By calculating the standard deviation, determine which of the sets negative 17, 20, six, negative 13; negative five, negative 16, five, nine; or negative one, negative six, 20, negative one has the largest dispersion.

The standard deviation of a data set is a way of measuring its dispersion or spread around its mean. The larger the standard deviation, the more dispersed the data is and vice versa. The smaller the standard deviation, the less dispersed around the mean the data is. We can recall that for a data set 𝑥 — which contains the values 𝑥 sub one, 𝑥 sub two, 𝑥 sub three, and so on up to 𝑥 sub 𝑛, so there are 𝑛 values in total — with mean 𝜇, the standard deviation, which we denote by 𝜎 sub 𝑥, is given by 𝜎 sub 𝑥 equals the square root of the sum from one to 𝑛 of 𝑥 𝑖 minus 𝜇 squared over 𝑛.

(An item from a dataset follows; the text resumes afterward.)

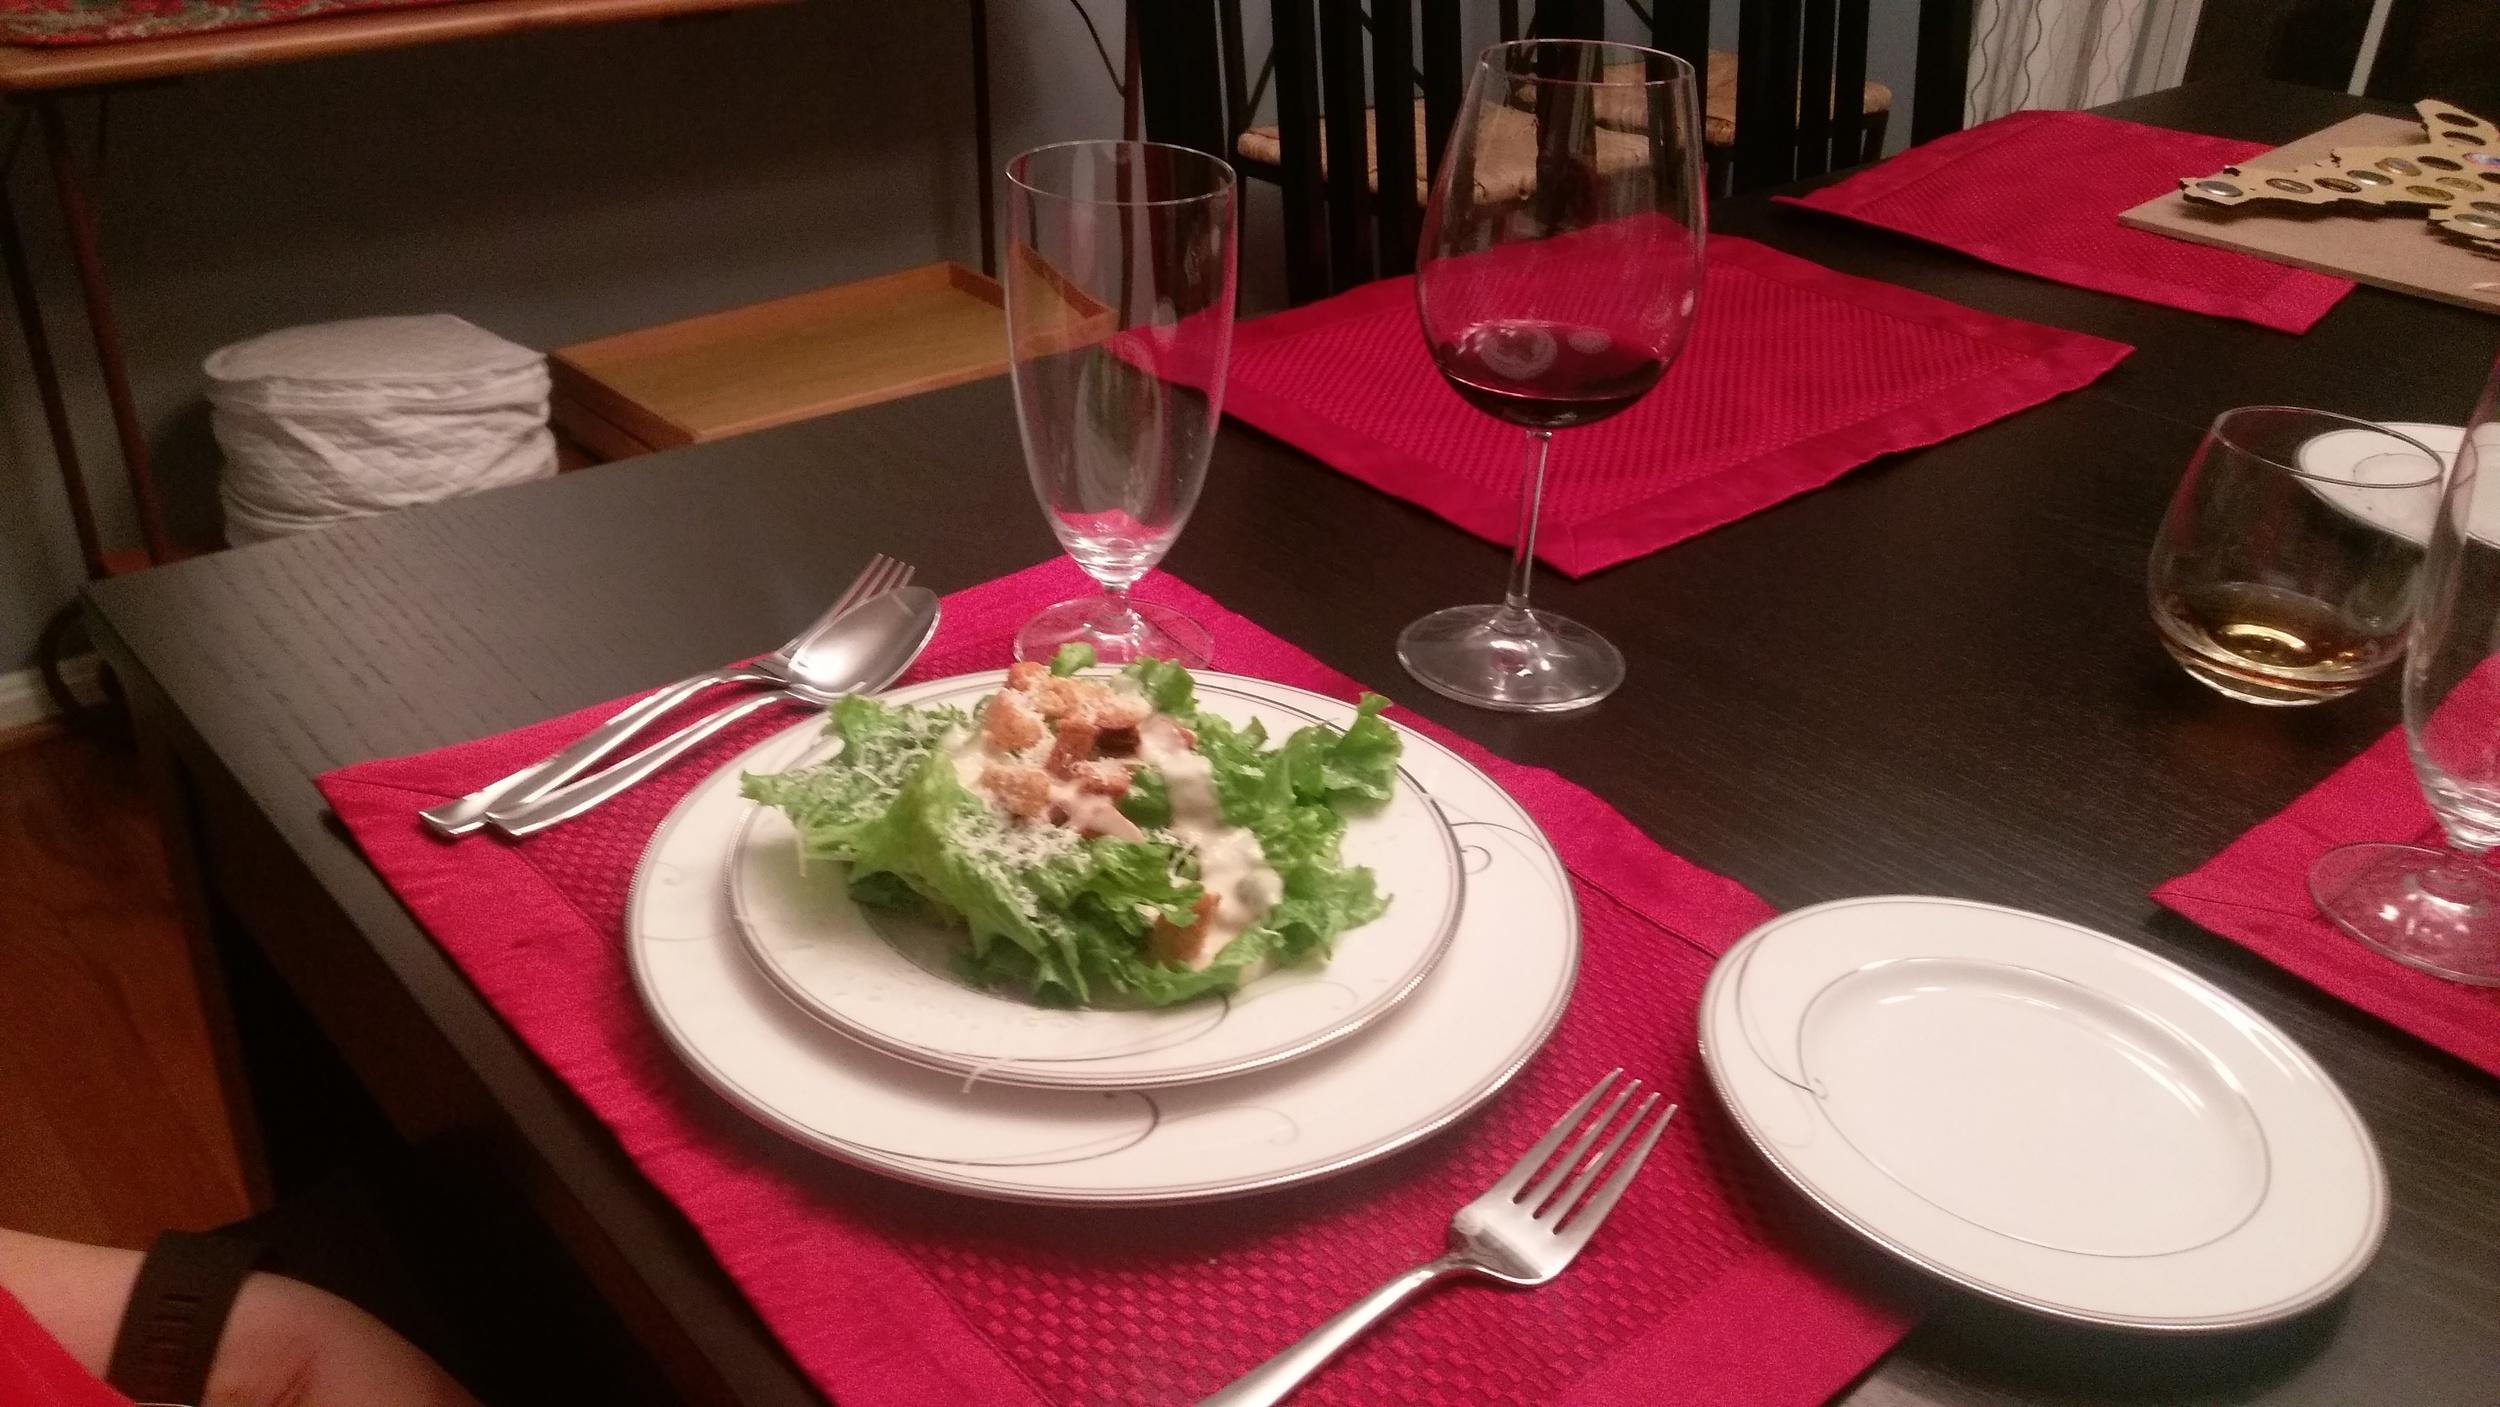 Caesar salad's are delicious.

Practically, what this means we need to do is find the mean 𝜇 of the data set, subtract this value from each 𝑥-value in the data set, square each of these values, and then find their sum. We then divide by 𝑛, that’s the number of values there are in the data set, and then find the square root. We can also recall that the mean is the sum of all of the 𝑥-values divided by how many values there are. So, it’s the sum from one to 𝑛 of 𝑥 sub 𝑖 over 𝑛. Let’s consider then each of the data sets in turn. And we’ll begin by calculating the mean for each.

For the first data set, the mean is negative 17 plus 20 plus six plus negative 13 over four. That’s negative four over four, which is equal to negative one. For the second data set, the mean is negative five plus negative 16 plus five plus nine over four. That’s negative seven over four or as a decimal negative 1.75. And for the final data set, the mean is negative one plus negative six plus 20 plus negative one over four. That’s 12 over four, which is equal to three.

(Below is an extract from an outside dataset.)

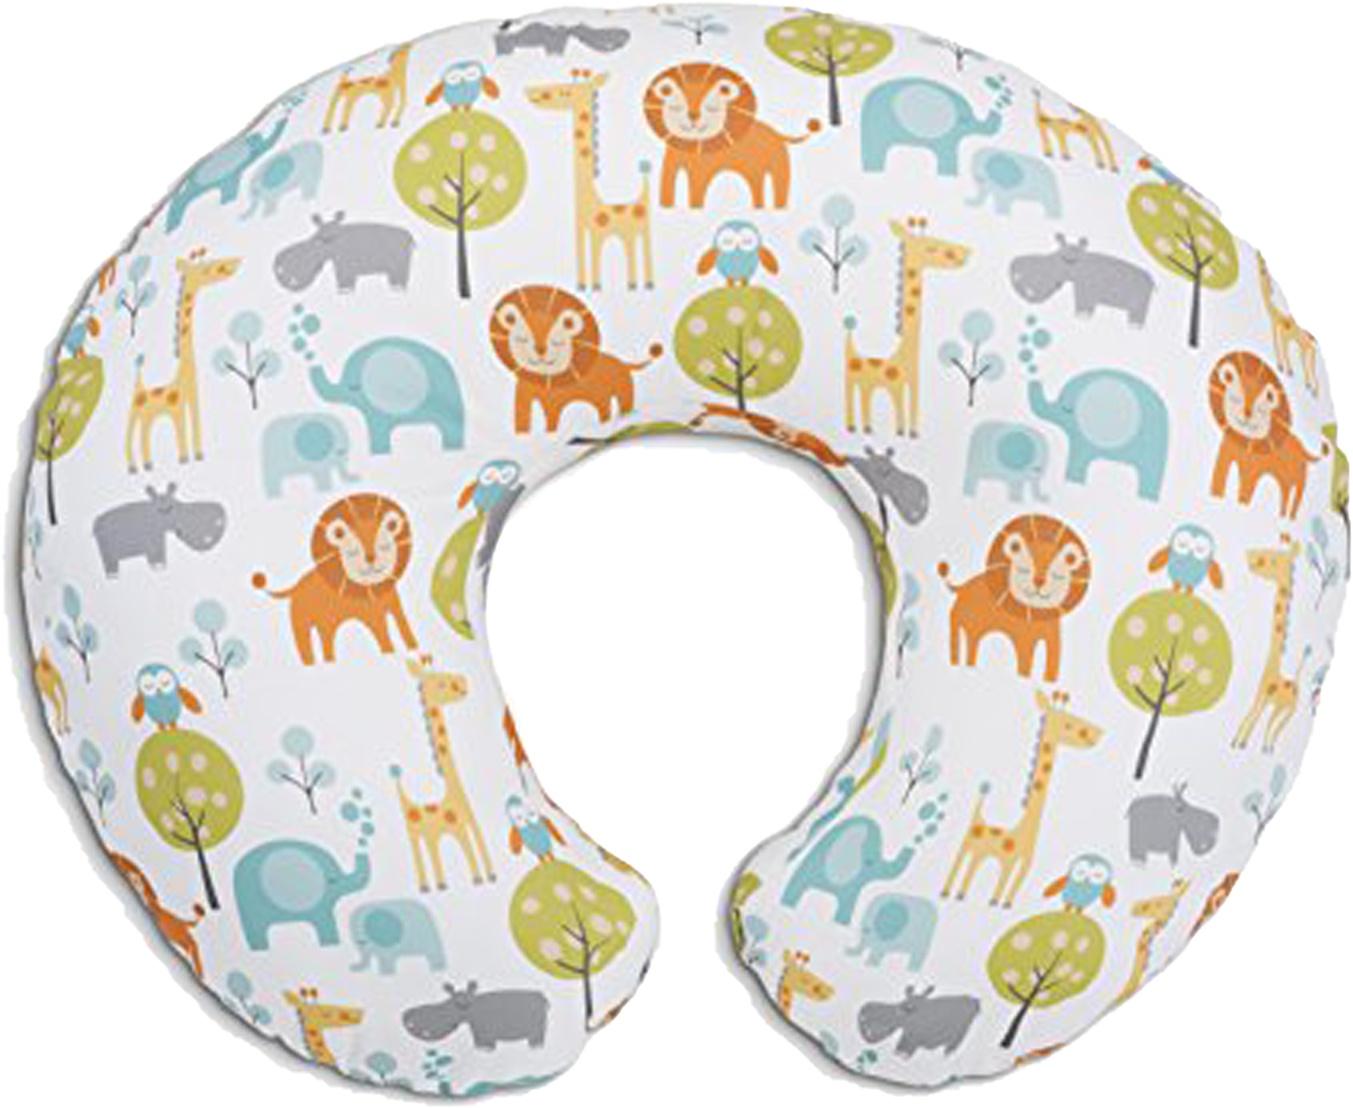 Подушка для кормящих и беременных Chicco Boppy Modern Woodland подушка для кормления chicco boppy colorful chevron

So, we found the mean for each data set, and now we need to work through the process of calculating the standard deviation. We’ll find it helpful to organize our working in a table. So, we have one column in which we write the values in the data set, the next column in which we subtract the mean from each value, and then, in the final column, we will square these values. So, for the first data set where the mean is negative one, we have negative 17 minus negative one. That’s negative 17 plus one, which is negative 16. We then have 20 minus negative one, which is 21; six minus negative one, which is seven; and negative 13 minus negative one, which is negative 12.

In the final column of our table, we square these values, giving 256, 441, 49, and 144. The sum of the four values in the final column, so that’s the sum of each 𝑥-value minus the mean squared, is 890. This gives the numerator of the fraction underneath the radical. So we have for the first data set 𝜎 𝑥, the standard deviation is equal to the square root of 890 over four. We can evaluate this using a calculator, and it gives 14.916 continuing or 14.92 to two decimal places. So we’ve worked through the process and calculated the standard deviation for the first set of data, and now we need to do the same for the other two sets.

For the second data set, the mean is negative 1.75, so this is the value we need to subtract from each value in the data set. Subtracting negative 1.75 is the same as adding 1.75, so we obtain negative 3.25, negative 14.25, 6.75, and 10.75. We then square each of these values in the final column of our table and find their sum, which is 374.75. Once again, there are four values in this data set, so 𝑛 is equal to four. And we have that 𝜎 sub 𝑥 is equal to the square root of 374.75 over four. As a decimal, that’s equal to 9.679 continuing or 9.68 to two decimal places.

Finally, we’ll calculate the standard deviation for the third data set, which has a mean of three. Subtracting three from each value in the data set gives negative four, negative nine, 17, and negative four. Squaring these values, we have 16, 81, 289, and 16, the sum of which is 402. The standard deviation for this final data set is the square root of 402 over four. That’s 10.024 continuing or 10.02 to two decimal places.

So, we’ve calculated the standard deviation for each of the three data sets, and now we need to determine which has the largest dispersion. Remember, we said that the larger the standard deviation, the more dispersed around the mean the data is. Comparing the standard deviations of 14.92, 9.68, and 10.02, we see that it is the first data set that has the largest standard deviation. So, of the three data sets, the one that has the largest dispersion is the data set negative 17, 20, six, negative 13.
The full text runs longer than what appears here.